Yoksulluk Yaygınlaşıyor, Gelir Adaletsizliği Derinleşiyor
CHP’li Gürer, hükümetin ekonomik politikalarını sert bir dille eleştirerek, artan yoksulluk ve gelir adaletsizliğine dikkat çekti:
“İktidarın talimatıyla oluşturulan TÜİK sepeti, halkın yaşadığı gerçekliği yansıtmıyor. Enflasyon rakamları manipüle edilerek, emekli, memur ve asgari ücretli düşük maaşlara mahkûm ediliyor. Halk, her geçen gün daha da fakirleşirken bir avuç zengin daha da zenginleşiyor.
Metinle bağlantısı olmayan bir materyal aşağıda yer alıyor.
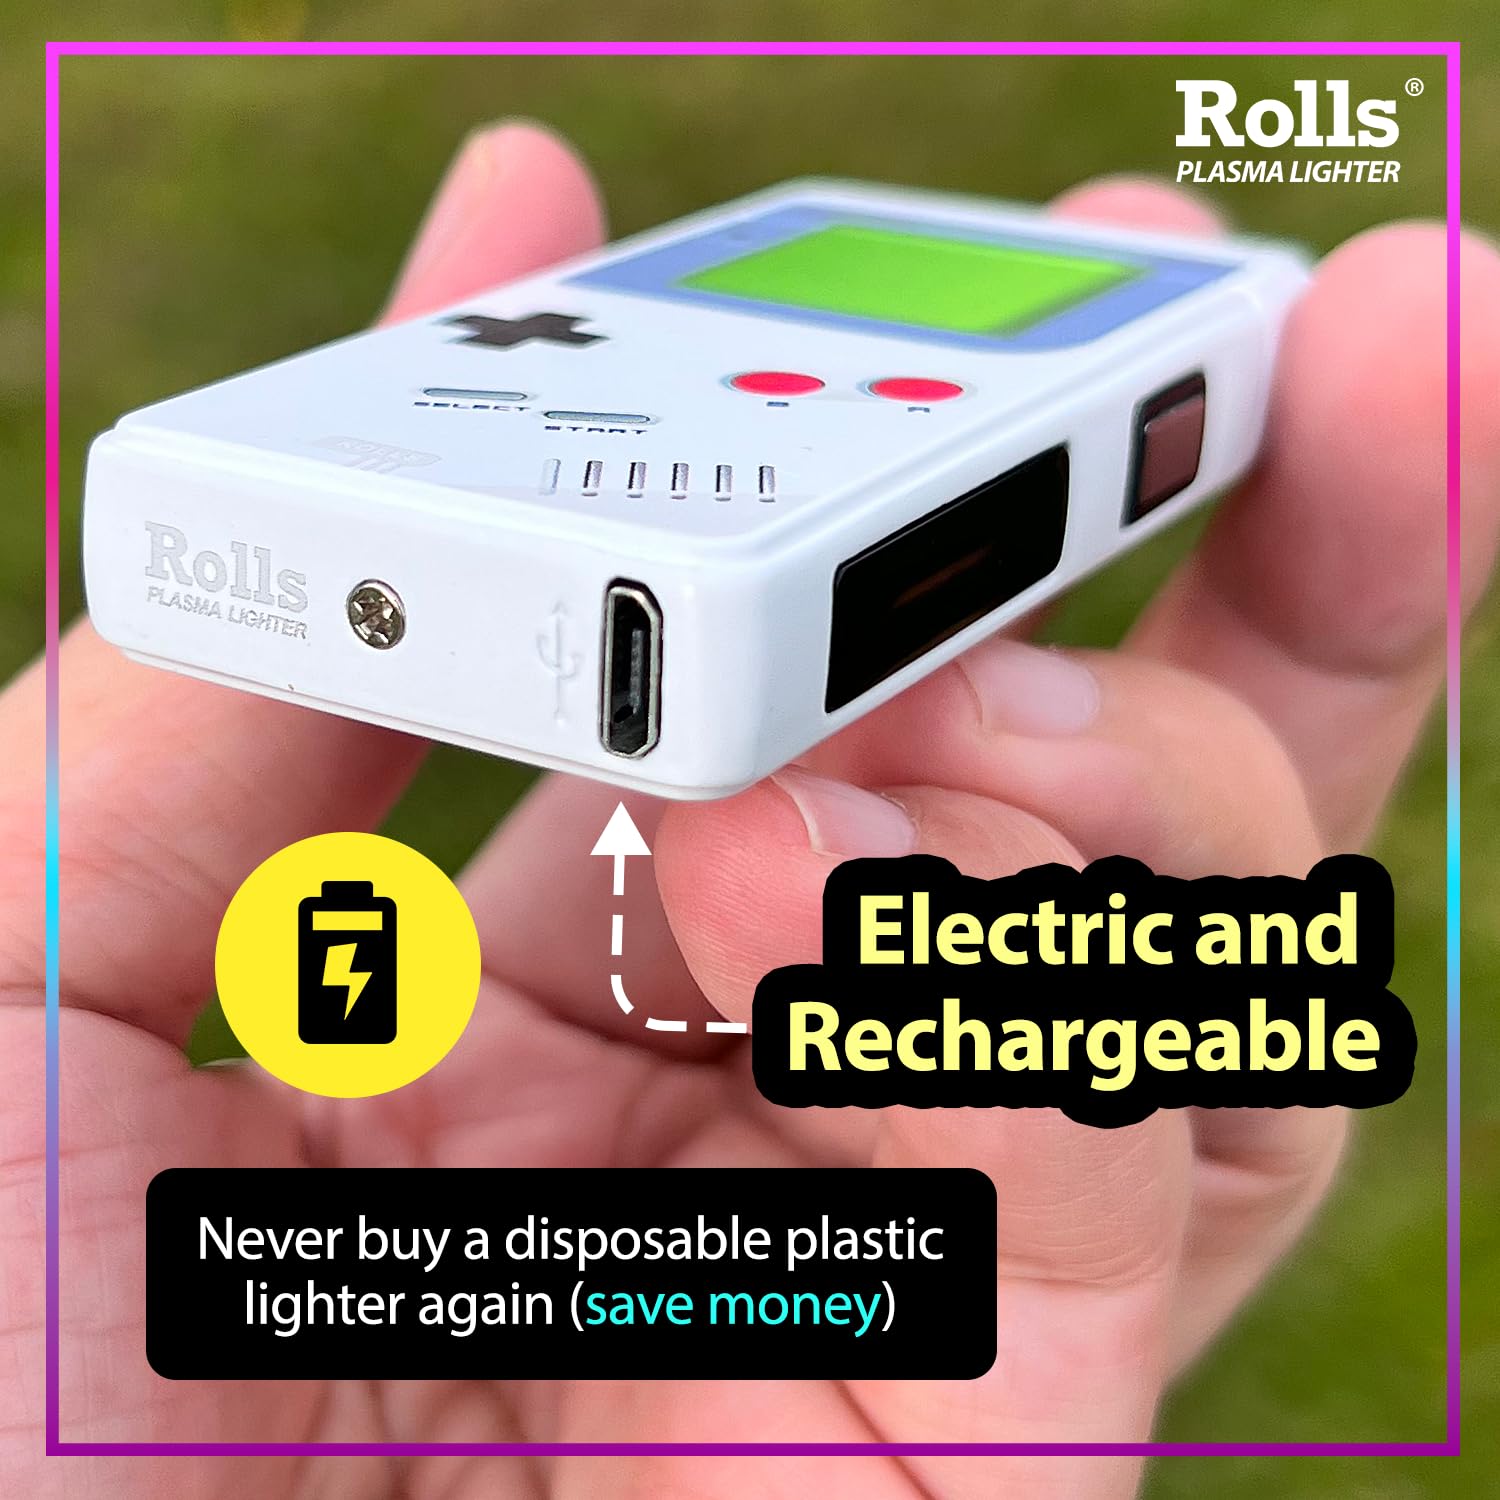 Rolls Electric Lighter - USB Rechargeable Retro Gamer Lighter - Cool Lighters - Windproof Electronic Arc Lighter - Candle Lighter - Unique Gadgets - Gift for Men Women - by Rolls Plasma Lighter (Grey) - amzGamess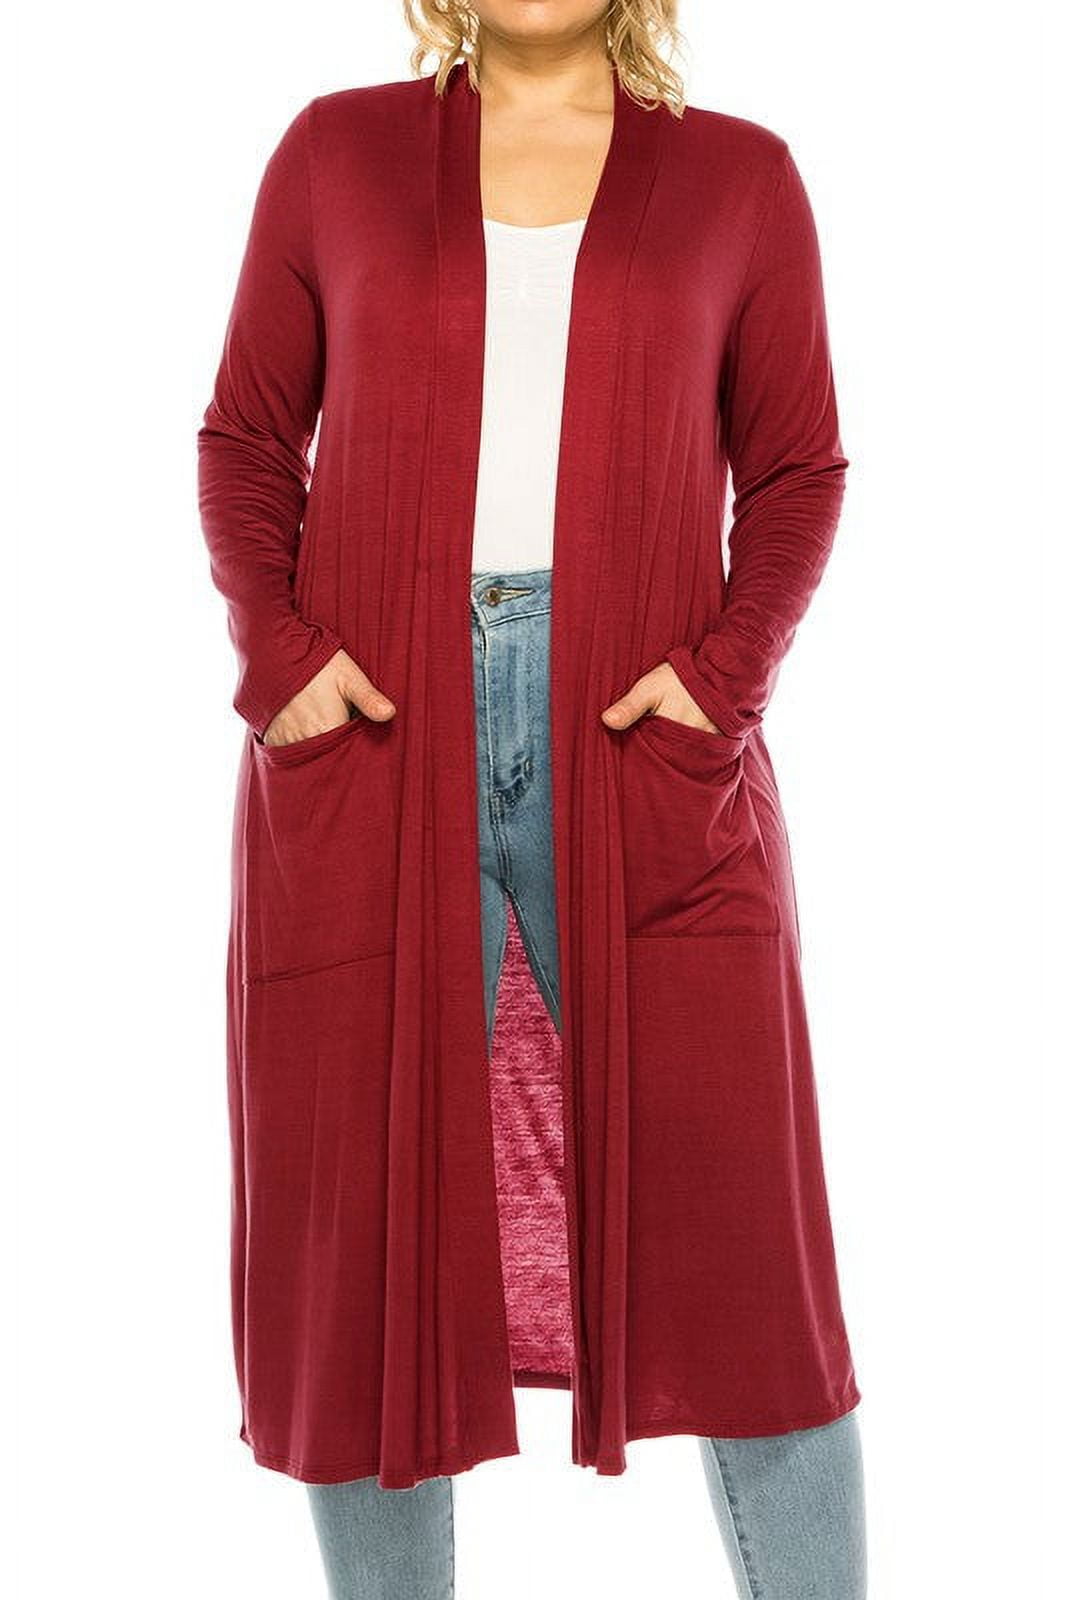 Fashion Bug NWT Plus Size Red Cardigan Sweater 22/24 - $20 (47% Off Retail)  New With Tags - From J

Bu adaletsizliği görmezden gelen bir ekonomi yönetimi var. İnsanlar borçla hayatta kalmaya çalışıyor; bu, kabul edilemez bir tablo.”
“Ekonomik Krizin Faturası Halkın Sırtında”
Gürer, iktidarın ekonomik politikalarının yalnızca halkı değil, aynı zamanda tarım ve üretimi de çöküşe sürüklediğini vurguladı. “Gıda fiyatlarındaki artış, üretim maliyetlerinden kaynaklanıyor. Çiftçi desteklenmiyor, tarım politikaları yetersiz, üretim daralıyor. Bunun sonucunda halk daha pahalı gıdaya mahkûm ediliyor. İktidar, ekonomik krizle mücadele etmek yerine krizi daha da derinleştiren politikalar izliyor” dedi.
Gürer, bu tablonun değişmesi için üretime dayalı bir ekonomik modelin benimsenmesi gerektiğini savunuyor. “Ekonomi, sadece rakamlarla değil, insanların yaşam standartlarıyla değerlendirilmelidir. Halkın temel ihtiyaçlarına ulaşabilir olması, gelir adaletinin sağlanması ve üretimin desteklenmesi şart. Mevcut iktidar bu sorumluluğu yerine getiremiyor. Çözüm, halkın yanında olan, adaletli bir ekonomik düzeni savunan bir yönetimde” diye ekledi.
Ömer Fethi Gürer’in açıklamaları, Türkiye’nin içinde bulunduğu ekonomik krizle yüzleşmesi gerektiğini bir kez daha ortaya koyuyor. Yoksulluğun yaygınlaştığı, gelir adaletsizliğinin derinleştiği bu tablo, halkın omuzlarına daha fazla yük bindiriyor. Ancak bu yükü taşımak istemeyen milyonlarca insan, gerçek bir değişim ve adalet için sesini yükseltmeye devam ediyor.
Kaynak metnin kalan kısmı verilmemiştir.